◆ **Given data**:
-=-=-=-=-

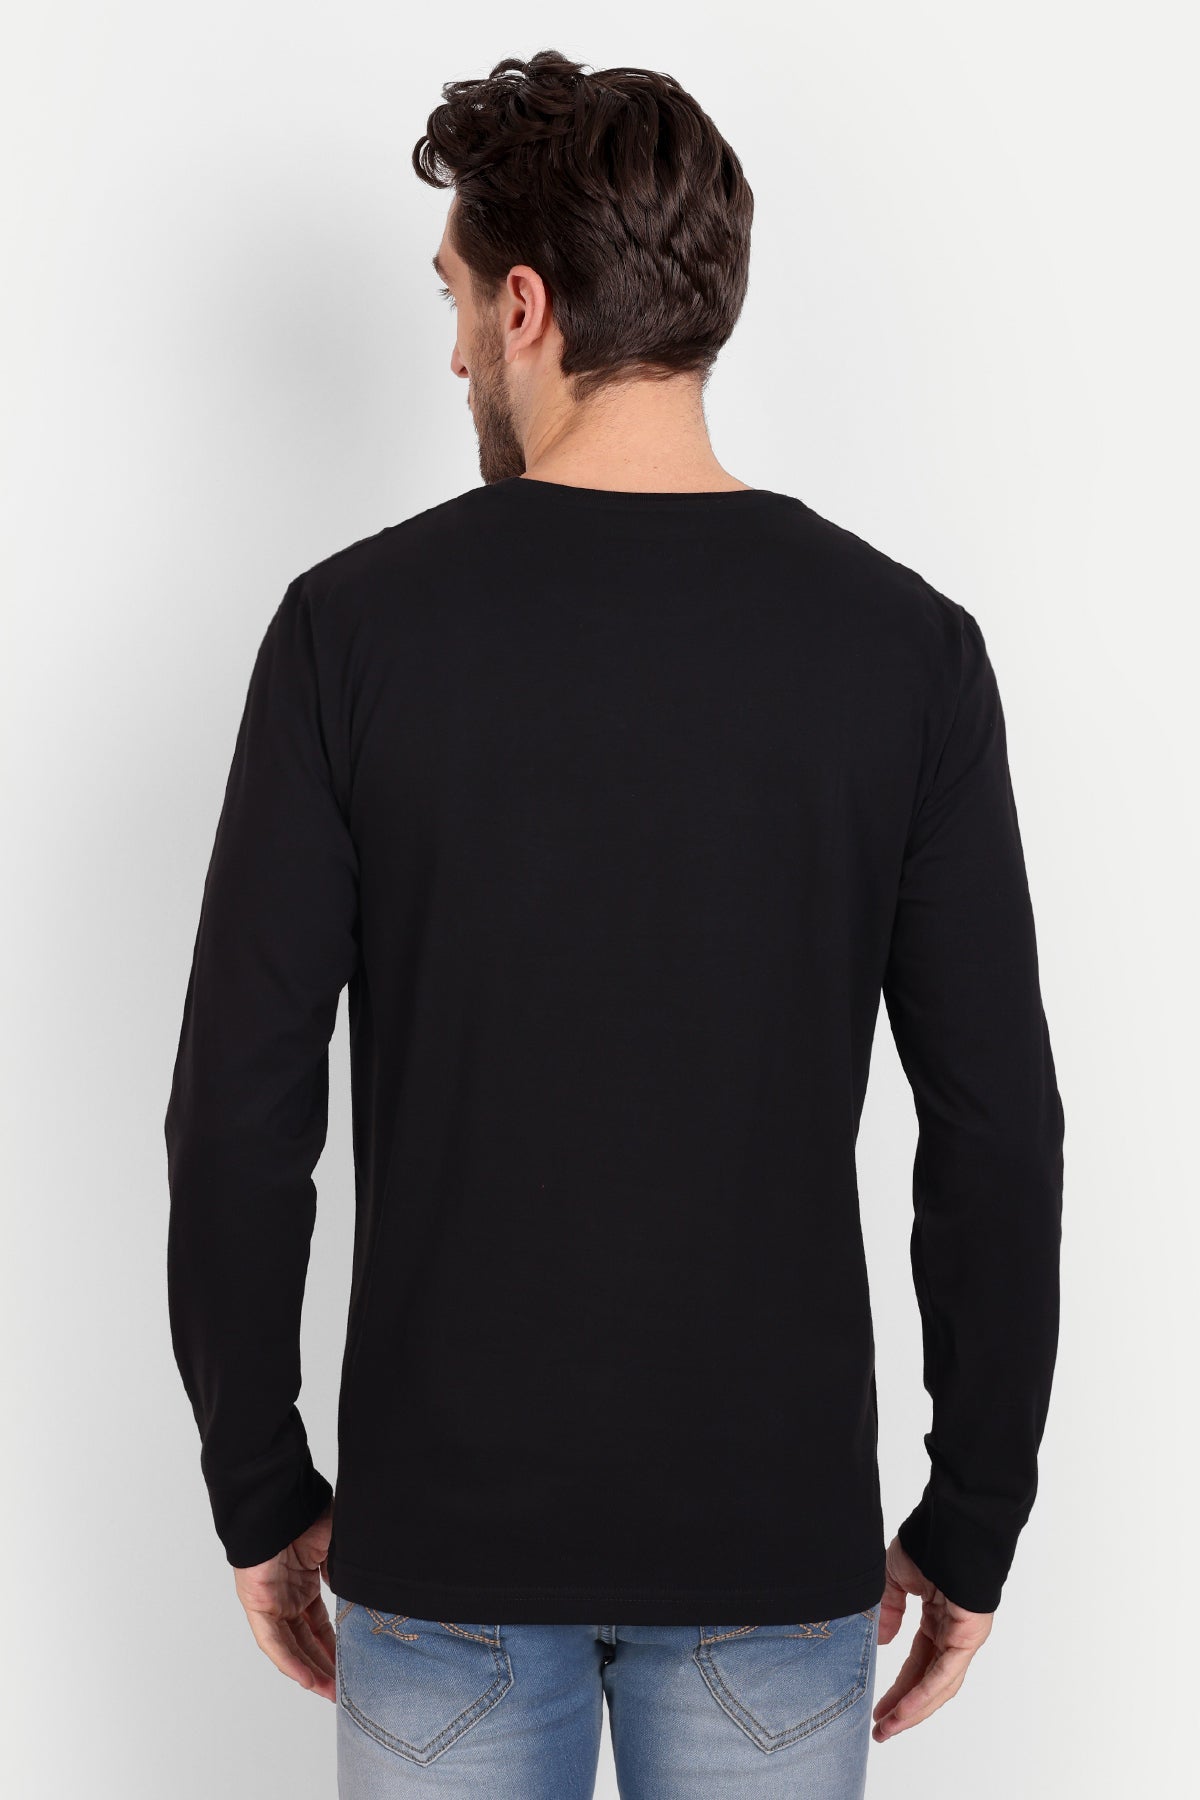 Men's Full Sleeve Black T-Shirt
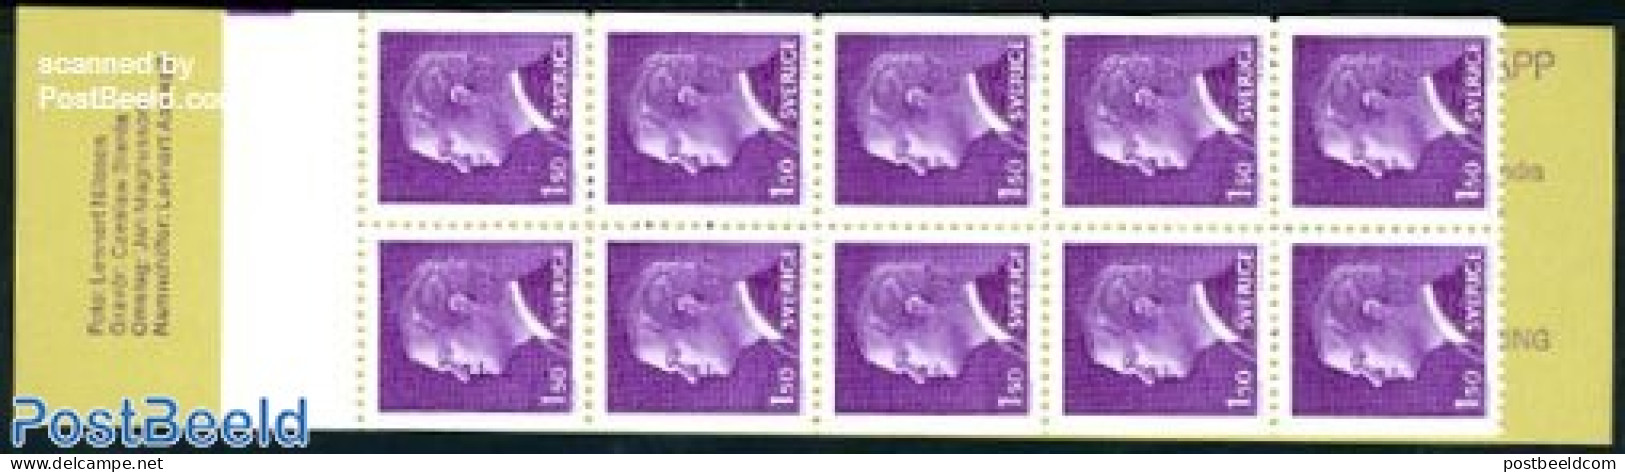 Sweden 1980 Definitives Booklet, Mint NH, Stamp Booklets - Nuevos
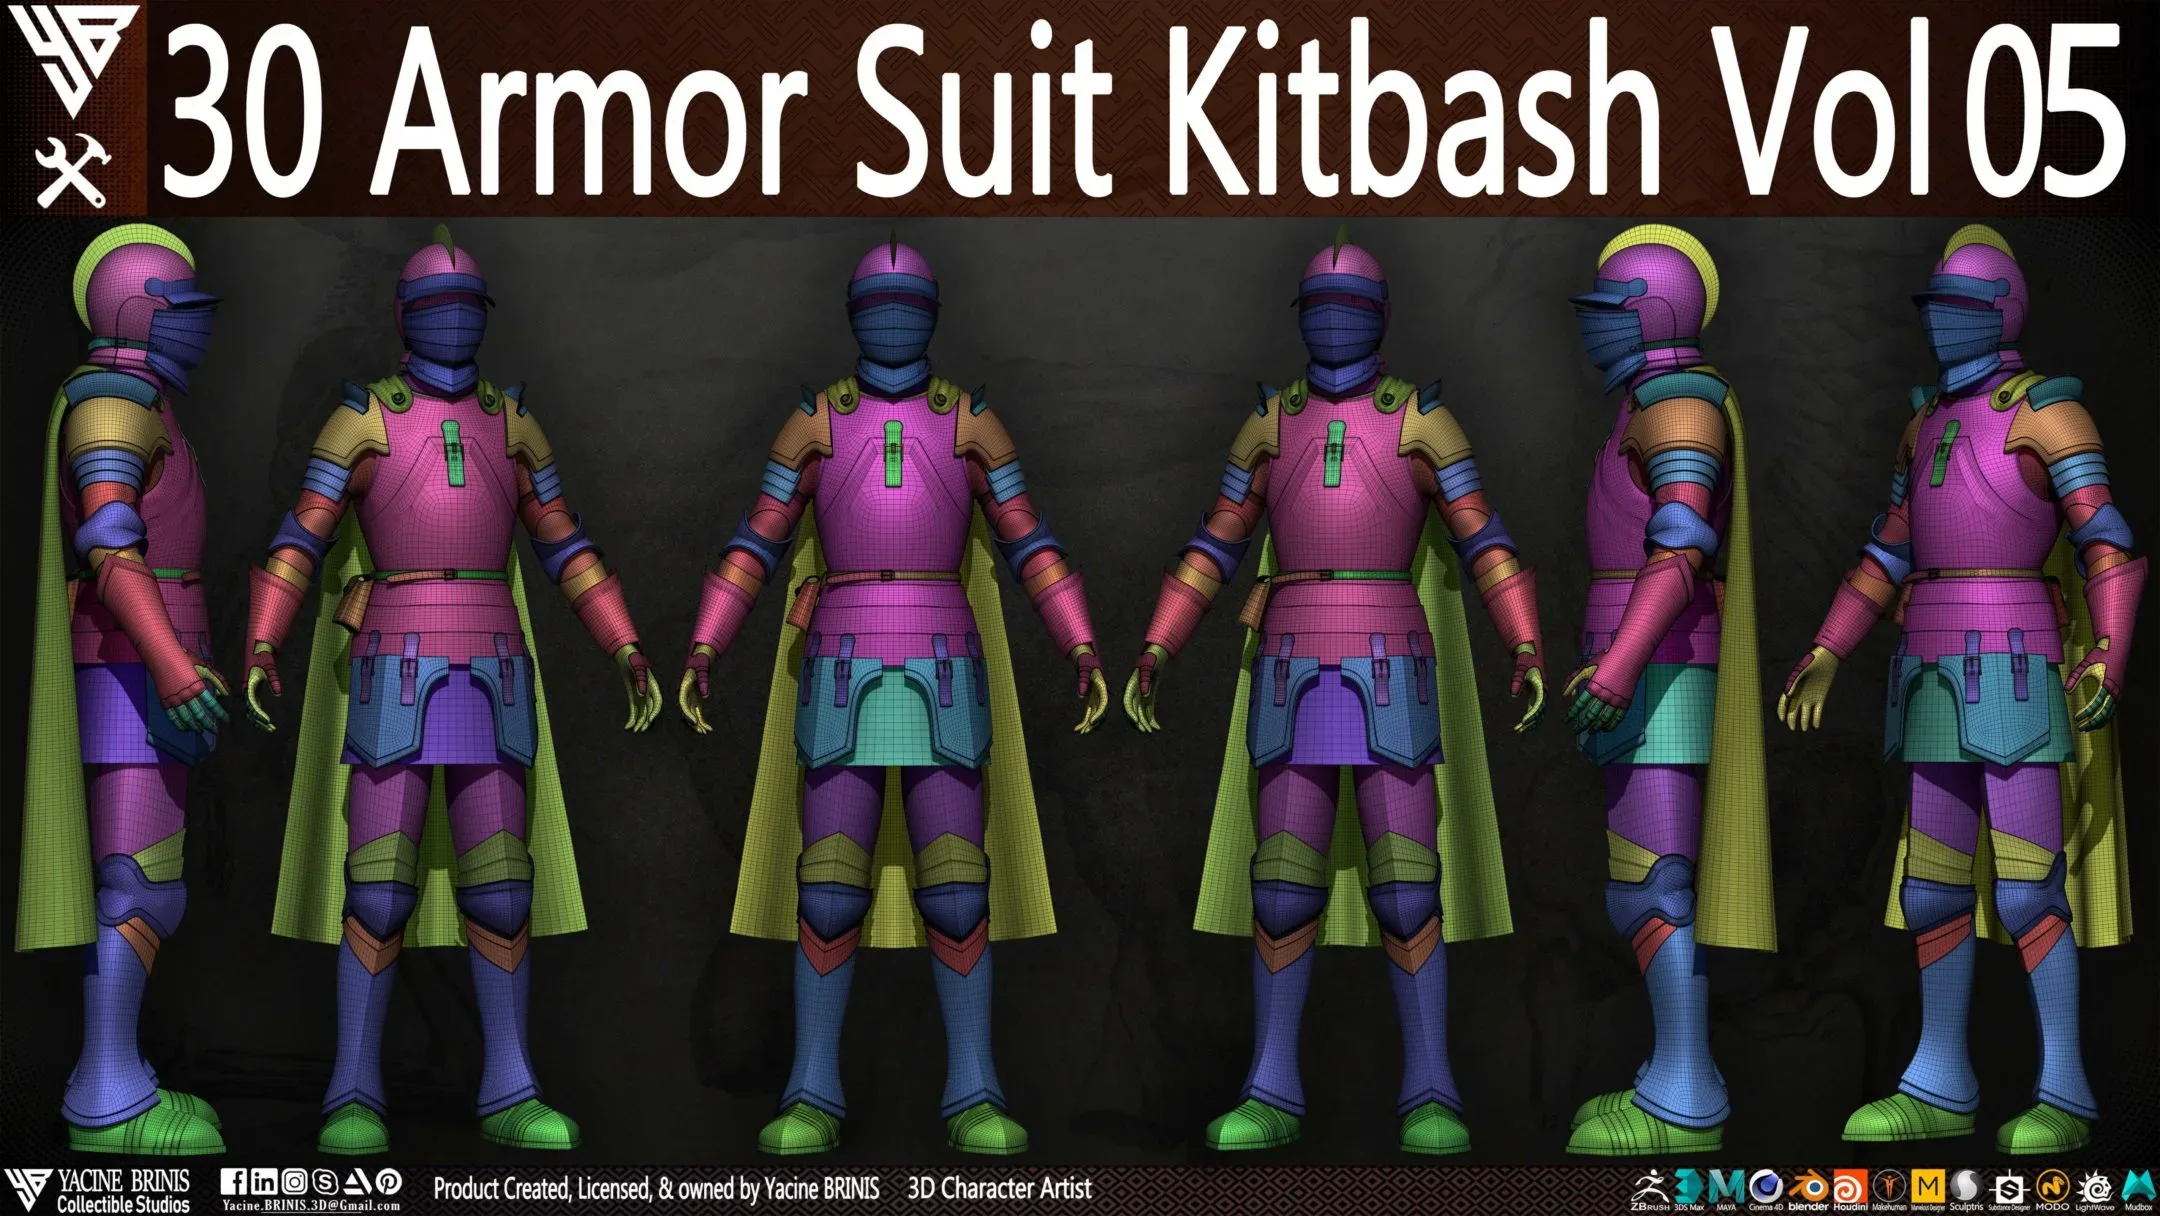 30 Armor Suit Kitbash Vol 05
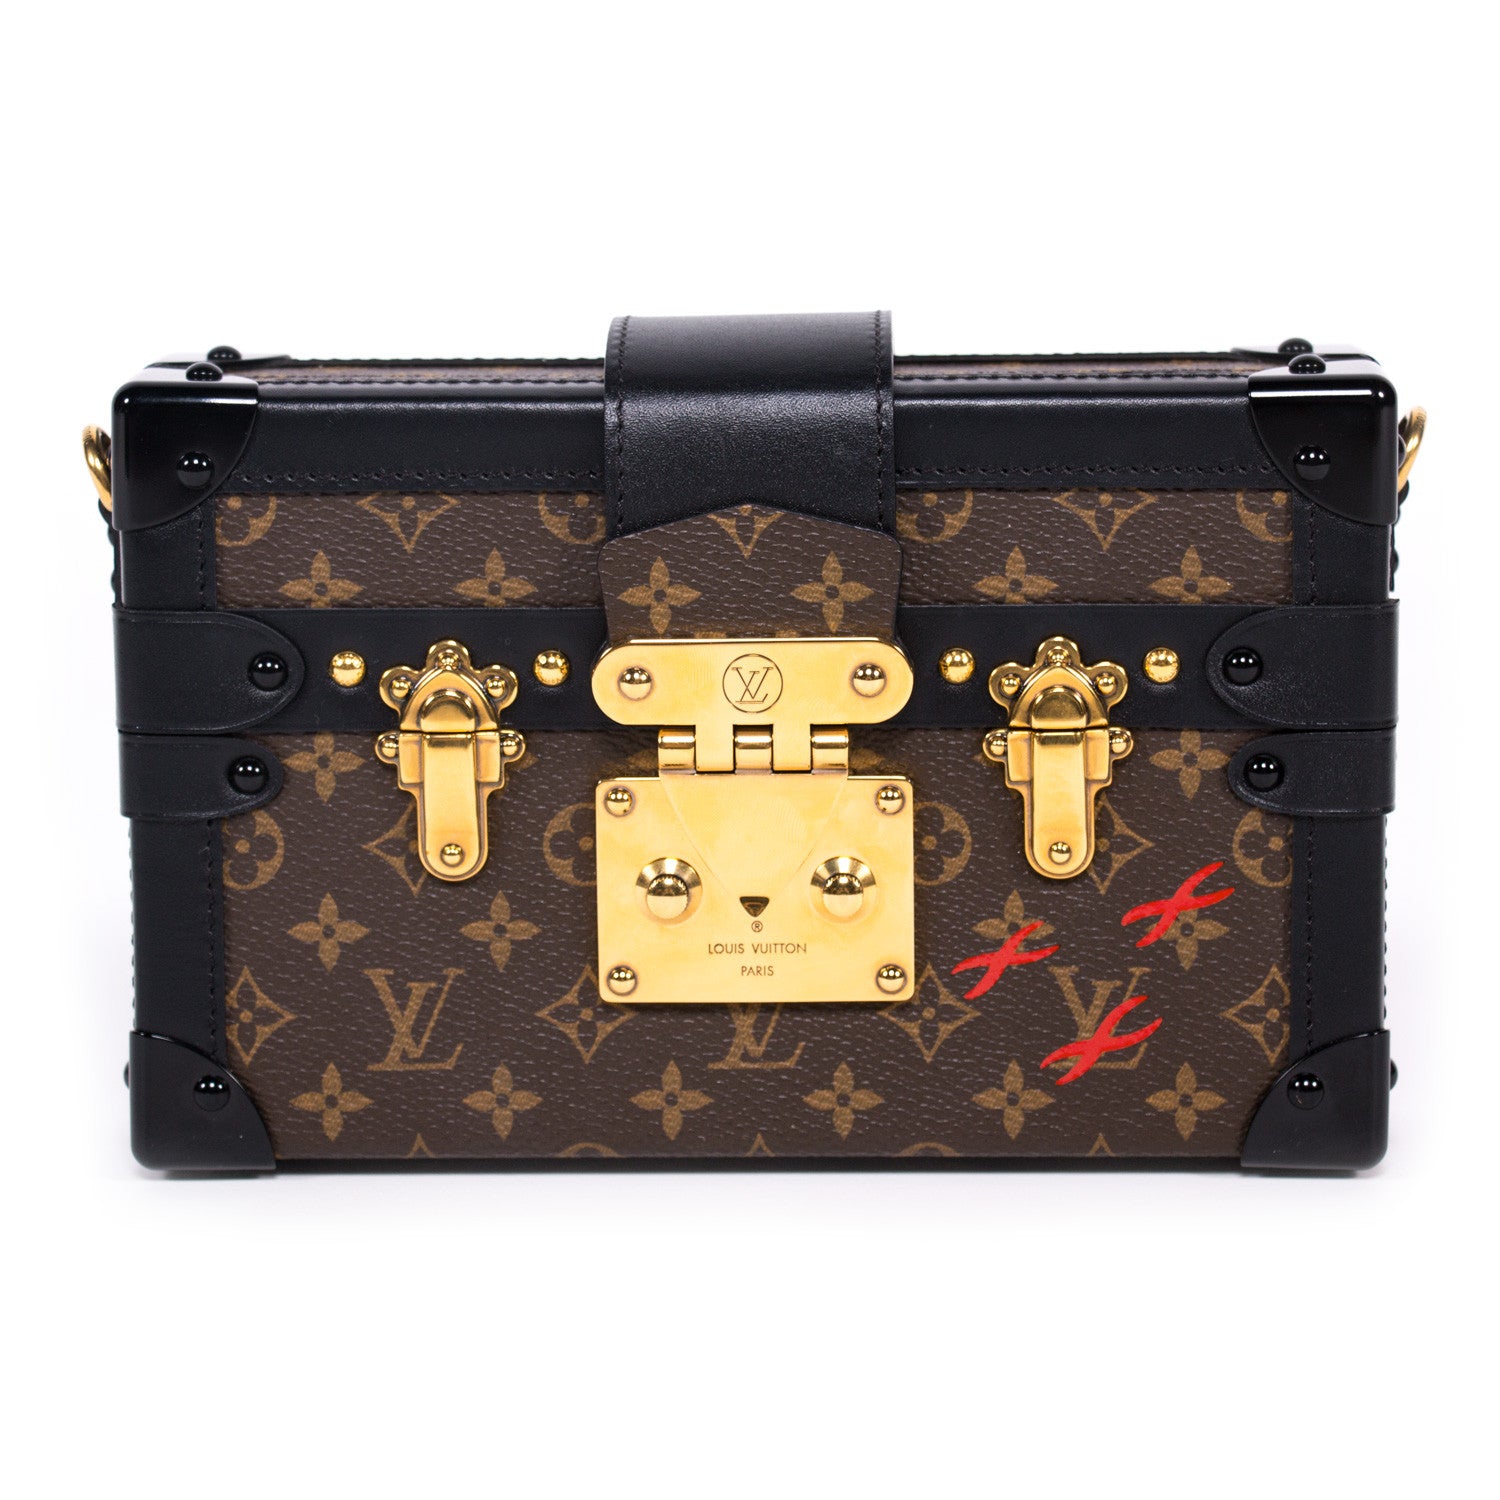 Louis Vuitton Pink & Black Epi Electrique Leather Petite Malle Bag., Lot  #58031

-=-=-=-=-

◆ **What you will do**: Nothing but the pictures should be left out when the material above is copied.

◆ **Result of the task**:
 Men's Full Sleeve Black T-Shirt
 Sweden 1980 Definitives Booklet, Mint NH, Stamp Booklets - Nuevos
 30 Armor Suit Kitbash Vol 05
 Louis Vuitton Pink & Black Epi Electrique Leather Petite Malle Bag., Lot  #58031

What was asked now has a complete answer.